> What this task involves:
The answer must consist solely of the lines from the one containing "Aare gorge in Switzerland" to the end of the entries below, repeated exactly.

---------- Extracted material ----------

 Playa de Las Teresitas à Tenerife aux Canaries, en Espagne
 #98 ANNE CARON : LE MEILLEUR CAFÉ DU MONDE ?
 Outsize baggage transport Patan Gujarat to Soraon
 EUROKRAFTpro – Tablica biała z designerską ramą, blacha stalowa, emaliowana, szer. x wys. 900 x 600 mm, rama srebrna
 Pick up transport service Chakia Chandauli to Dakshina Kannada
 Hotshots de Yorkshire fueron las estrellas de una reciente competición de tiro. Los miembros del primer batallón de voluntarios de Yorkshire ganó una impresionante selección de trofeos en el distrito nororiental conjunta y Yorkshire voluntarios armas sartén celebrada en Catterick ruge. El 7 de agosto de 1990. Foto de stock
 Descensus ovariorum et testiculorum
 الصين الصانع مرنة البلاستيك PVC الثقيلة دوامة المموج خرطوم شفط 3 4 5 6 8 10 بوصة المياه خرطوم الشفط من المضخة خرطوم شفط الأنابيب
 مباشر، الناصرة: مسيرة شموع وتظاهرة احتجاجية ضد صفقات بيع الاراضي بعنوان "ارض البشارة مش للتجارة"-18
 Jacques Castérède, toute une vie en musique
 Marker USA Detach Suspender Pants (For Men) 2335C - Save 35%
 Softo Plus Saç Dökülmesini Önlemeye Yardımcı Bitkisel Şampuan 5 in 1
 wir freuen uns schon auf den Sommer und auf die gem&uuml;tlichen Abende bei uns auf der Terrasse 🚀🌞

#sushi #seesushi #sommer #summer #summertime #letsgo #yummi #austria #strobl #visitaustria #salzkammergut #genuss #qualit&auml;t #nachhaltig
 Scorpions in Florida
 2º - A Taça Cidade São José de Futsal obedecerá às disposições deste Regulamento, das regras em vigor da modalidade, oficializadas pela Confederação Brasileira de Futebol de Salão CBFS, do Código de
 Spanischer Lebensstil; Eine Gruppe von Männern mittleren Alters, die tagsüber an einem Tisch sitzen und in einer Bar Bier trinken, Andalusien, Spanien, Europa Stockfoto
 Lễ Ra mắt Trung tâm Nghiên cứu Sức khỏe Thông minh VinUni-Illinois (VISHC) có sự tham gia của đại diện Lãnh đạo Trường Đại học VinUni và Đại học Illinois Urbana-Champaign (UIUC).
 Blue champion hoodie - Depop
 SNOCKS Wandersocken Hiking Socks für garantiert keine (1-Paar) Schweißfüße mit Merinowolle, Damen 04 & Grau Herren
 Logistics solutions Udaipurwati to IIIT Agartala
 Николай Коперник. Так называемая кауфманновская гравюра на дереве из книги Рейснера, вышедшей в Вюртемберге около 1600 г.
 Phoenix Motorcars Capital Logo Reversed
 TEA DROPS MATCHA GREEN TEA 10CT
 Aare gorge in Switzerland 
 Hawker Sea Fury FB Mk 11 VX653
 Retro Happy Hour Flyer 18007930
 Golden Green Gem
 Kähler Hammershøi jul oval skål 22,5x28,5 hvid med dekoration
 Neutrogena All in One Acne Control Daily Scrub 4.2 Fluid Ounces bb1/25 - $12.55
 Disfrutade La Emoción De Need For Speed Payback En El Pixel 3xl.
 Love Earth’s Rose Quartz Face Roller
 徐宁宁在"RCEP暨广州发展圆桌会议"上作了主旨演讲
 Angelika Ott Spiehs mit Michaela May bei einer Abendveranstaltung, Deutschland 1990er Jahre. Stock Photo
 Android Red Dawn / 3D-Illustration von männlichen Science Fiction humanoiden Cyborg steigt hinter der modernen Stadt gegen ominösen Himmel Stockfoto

----------

> Answer box:
 Aare gorge in Switzerland 
 Hawker Sea Fury FB Mk 11 VX653
 Retro Happy Hour Flyer 18007930
 Golden Green Gem
 Kähler Hammershøi jul oval skål 22,5x28,5 hvid med dekoration
 Neutrogena All in One Acne Control Daily Scrub 4.2 Fluid Ounces bb1/25 - $12.55
 Disfrutade La Emoción De Need For Speed Payback En El Pixel 3xl.
 Love Earth’s Rose Quartz Face Roller
 徐宁宁在"RCEP暨广州发展圆桌会议"上作了主旨演讲
 Angelika Ott Spiehs mit Michaela May bei einer Abendveranstaltung, Deutschland 1990er Jahre. Stock Photo
 Android Red Dawn / 3D-Illustration von männlichen Science Fiction humanoiden Cyborg steigt hinter der modernen Stadt gegen ominösen Himmel Stockfoto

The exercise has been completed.